Aftermath to Lattermath and the Iconomy of Psychiatry: Shifting from hospital-centric towards community-centric mental health-care ecosystems
DOI:
https://doi.org/10.1921/swssr20252532Keywords:
aftermath, lattermath, iconomy, shifting centre of gravity, hospital-centric, community-centric, mental healthcare ecosystemsAbstract
Drawing on Professor Emeritus Terry Smith’s work on Aftermath Architecture, we reflect on how the world’s purportedly ‘eternal’ architectural icons can be transformed in the public consciousness, by terrorism and political intrigue, into impermanent ‘soft targets’. In parallel we explore the grandiose ‘Iconomy’ of Psychiatry, and the decay of its grandiose institutional icons into stigmatizing stereotypes of dysfunctional mental health services.

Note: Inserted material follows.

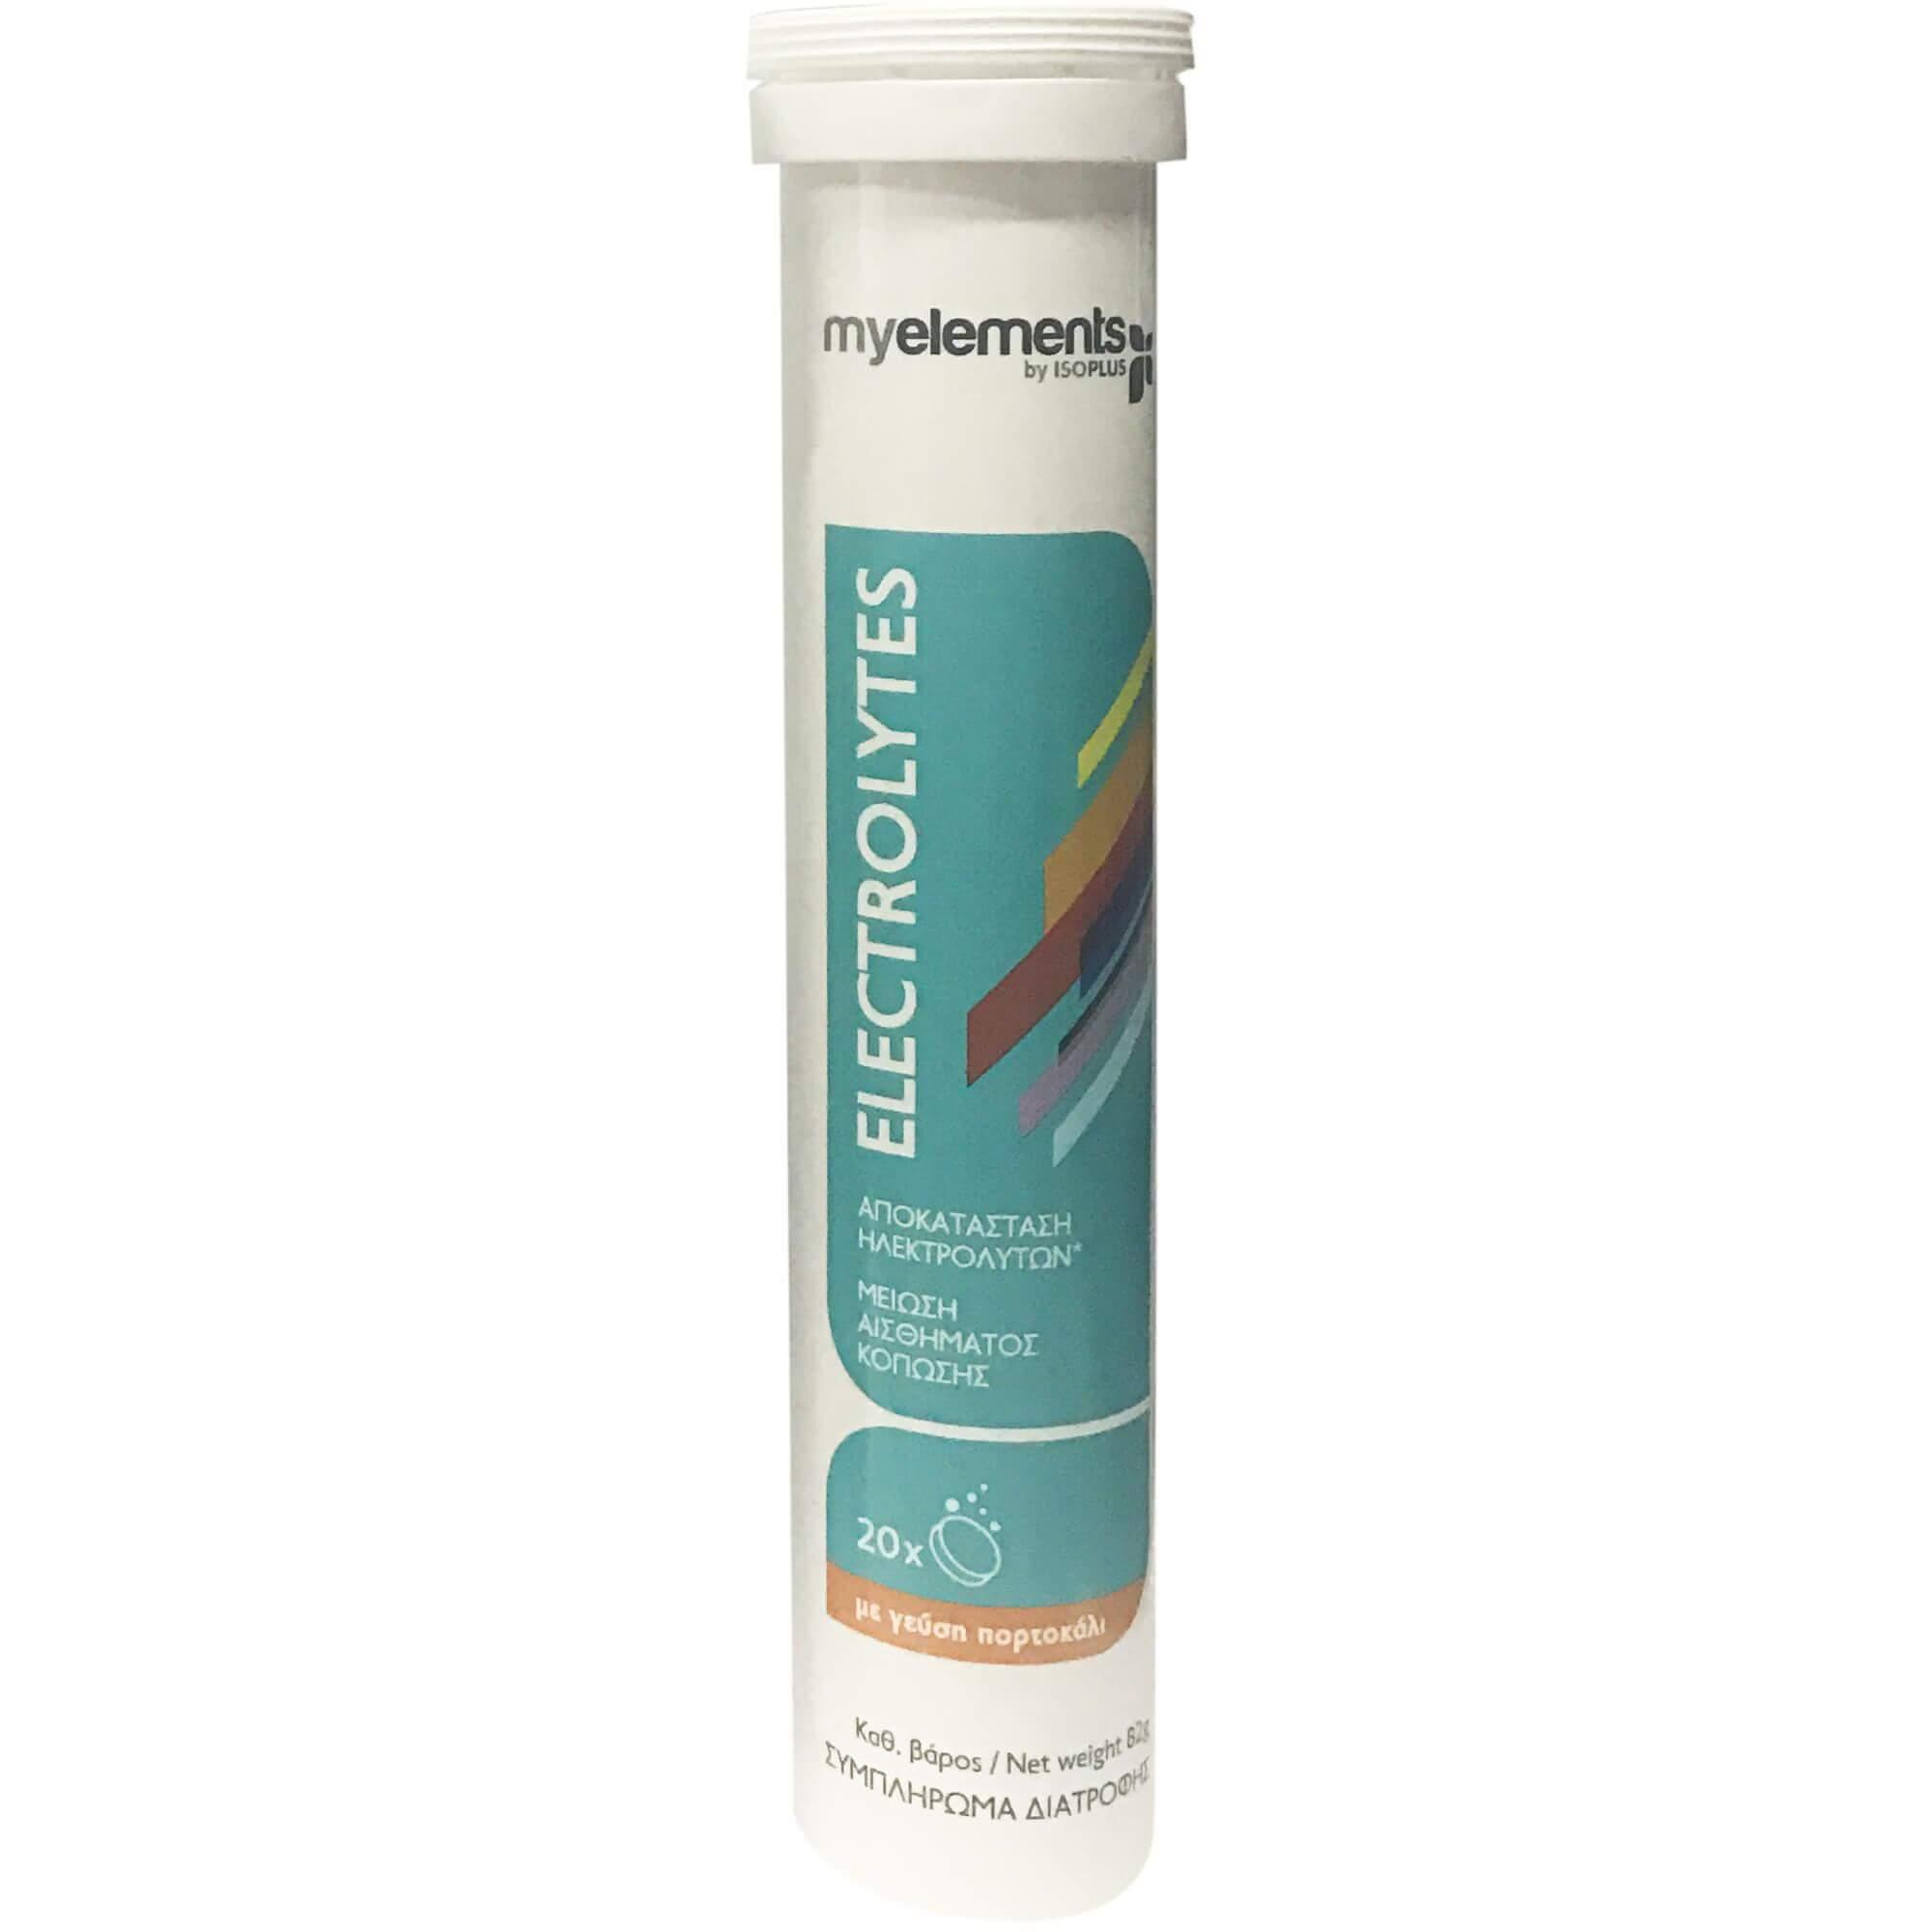 My Elements ElectrolytesΣυμπλήρωμα Διατροφής για την Αποκατάσταση των Ηλεκτρολυτών στον Οργανισμό με Γεύση Πορτοκάλι20 Τεμάχια

Professor Smith also invoked a related concept: the ‘Lattermath’, a late 15th century term for the new shoots of grass growing after harvest, to make the case that a renewal of hope is possible for architecture, prioritizing domestic and communal living. To achieve an enduring ‘Lattermath’ in psychiatry requires us to shift the centre of gravity of mental health services from being so hospital-centric towards community living. It also entails rebuilding mental health-care eco-systems which integrate clinical, lived experience, and carer expertise, while optimizing mental health and wellbeing outcomes., It also entails heeding First Nations caring for nature and community, their climate change activism and their resilience, and operationalizing human rights and an ‘invisible village’ or a co-designed local community of ongoing mental health care and support for individuals and families while ever they need it.